AIM OF THE TASK ->
Quote every line of the data below as it stands, omitting pictures.
SOURCE DATA section start
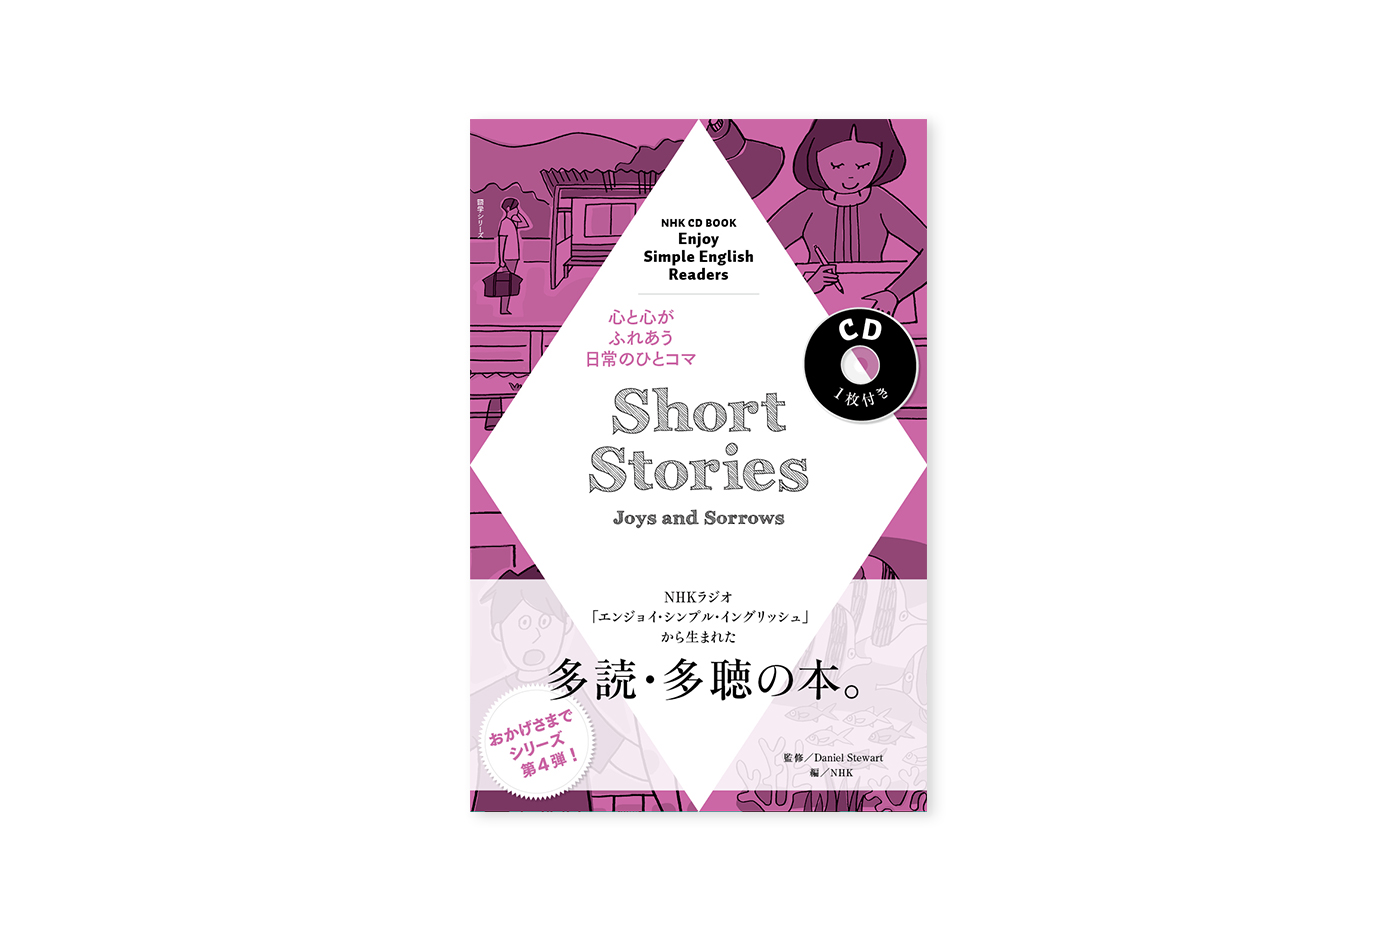 shortstories_hyoushi_right
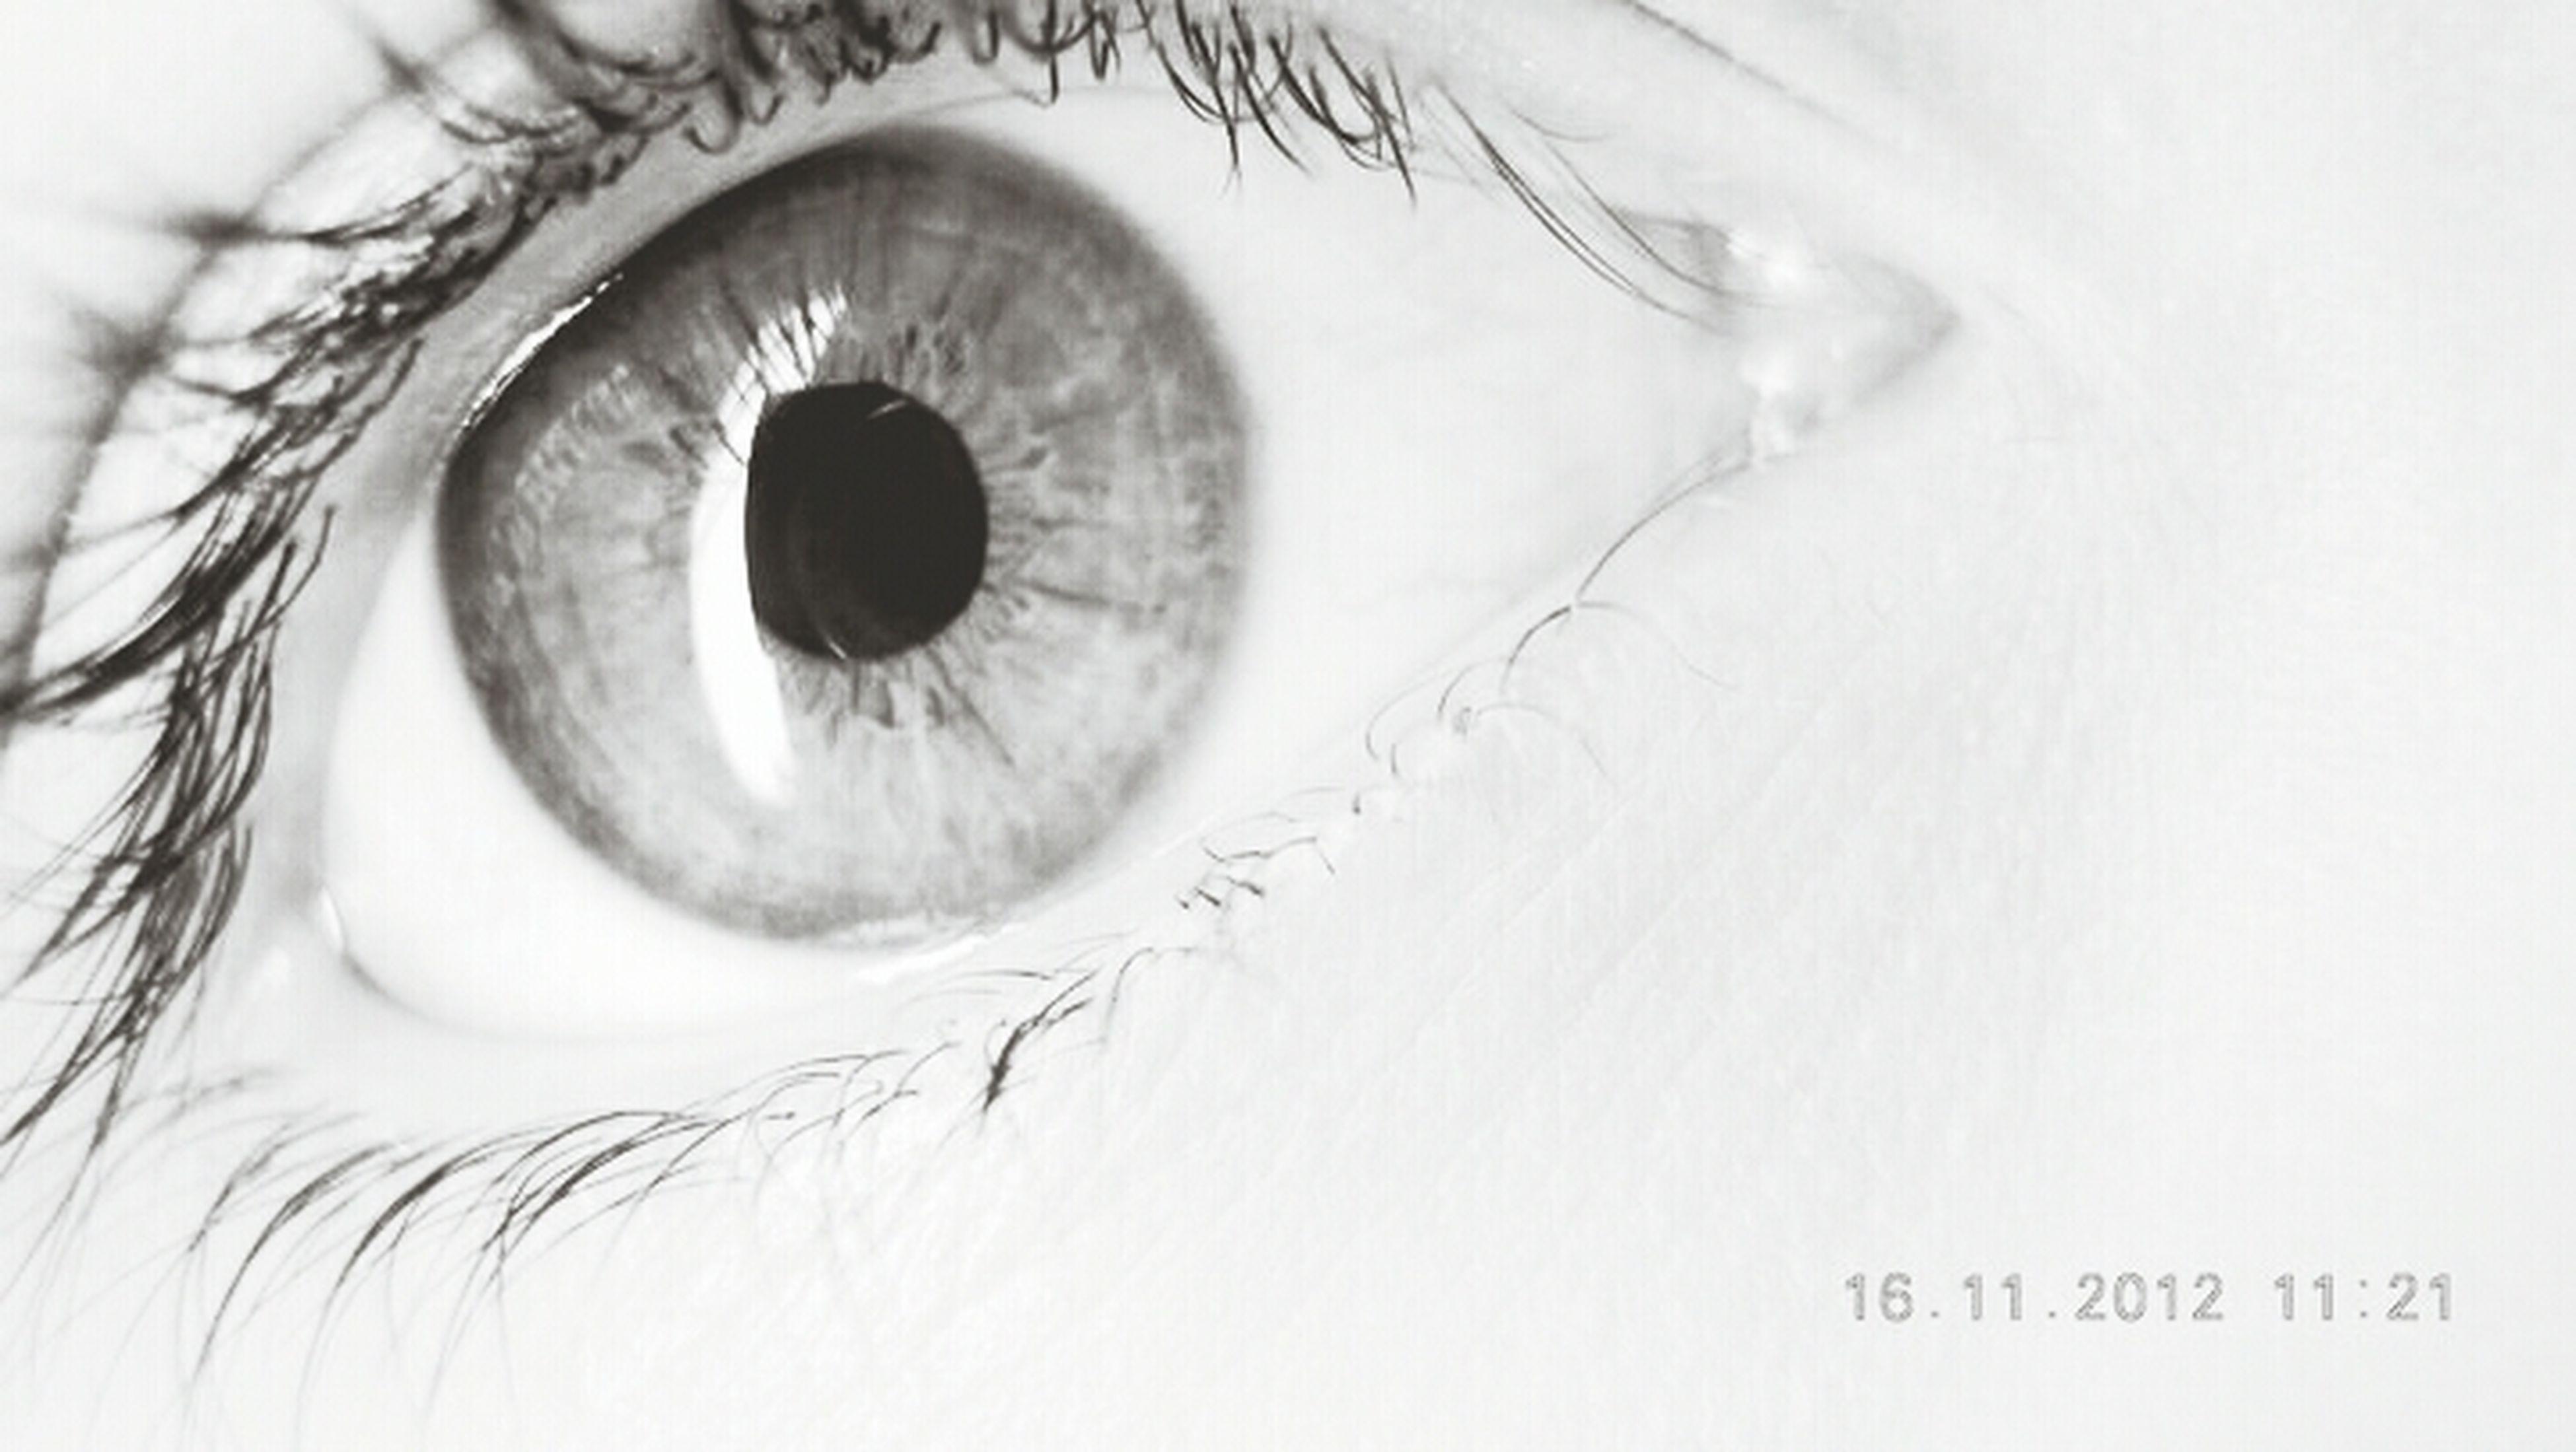 human eye, close-up, indoors, eyesight, extreme close-up, eyelash, sensory perception, part of, white background, human skin, detail, studio shot, eyeball, circle, human face, looking at camera, full frame
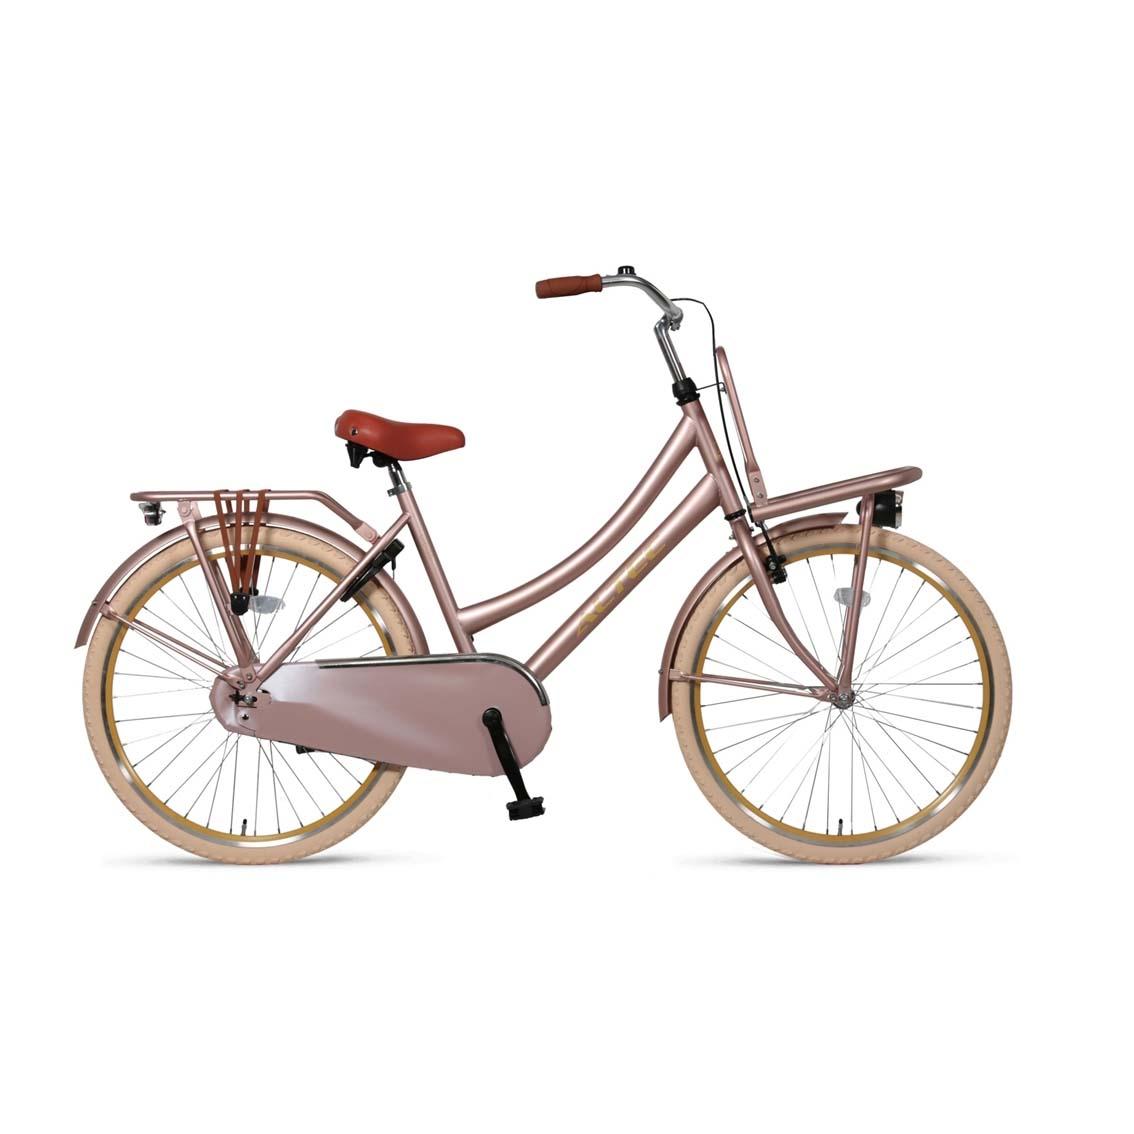 Altec-Urban-26inch-Transportfiets-Lavender-2019 copy
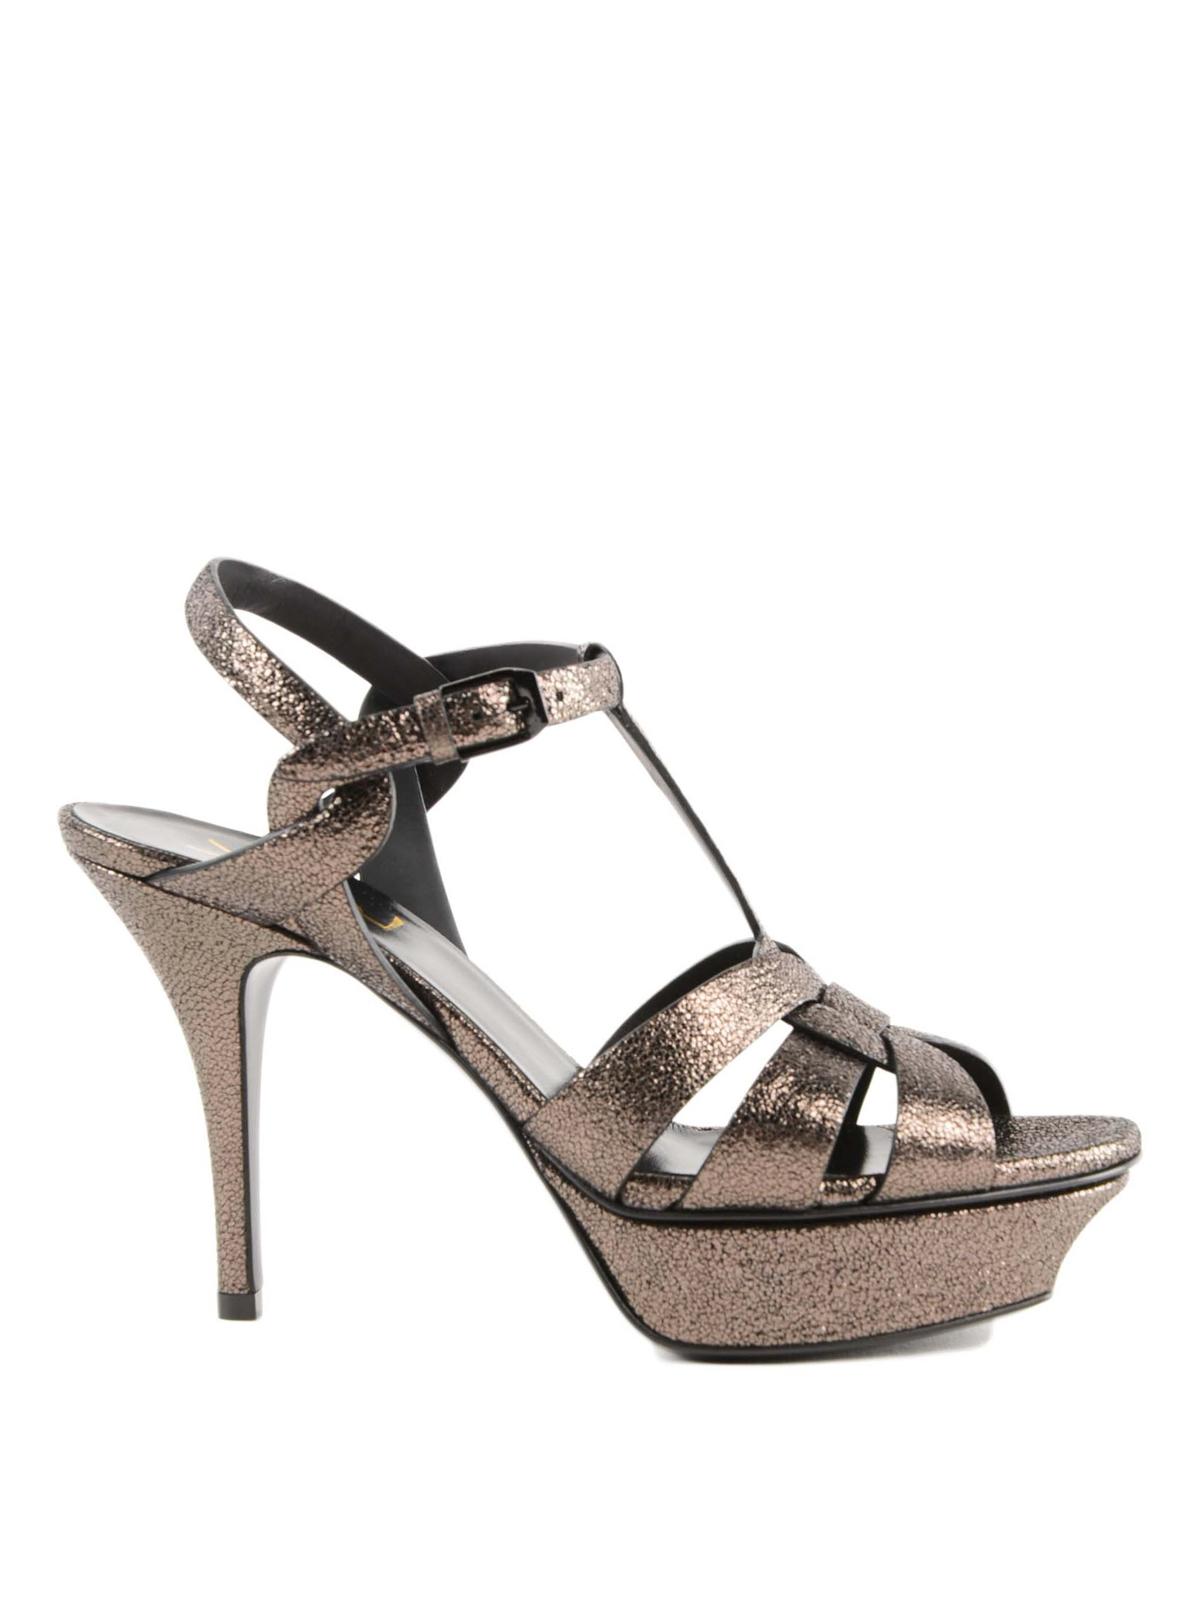 55bf1b736ba829 Saint Laurent - Tribute metallic leather platform sandals - sandals ...
SOURCE DATA section end
WRITTEN ANSWER ->
 shortstories_hyoushi_right
 human eye, close-up, indoors, eyesight, extreme close-up, eyelash, sensory perception, part of, white background, human skin, detail, studio shot, eyeball, circle, human face, looking at camera, full frame
 Altec-Urban-26inch-Transportfiets-Lavender-2019 copy
 55bf1b736ba829 Saint Laurent - Tribute metallic leather platform sandals - sandals ...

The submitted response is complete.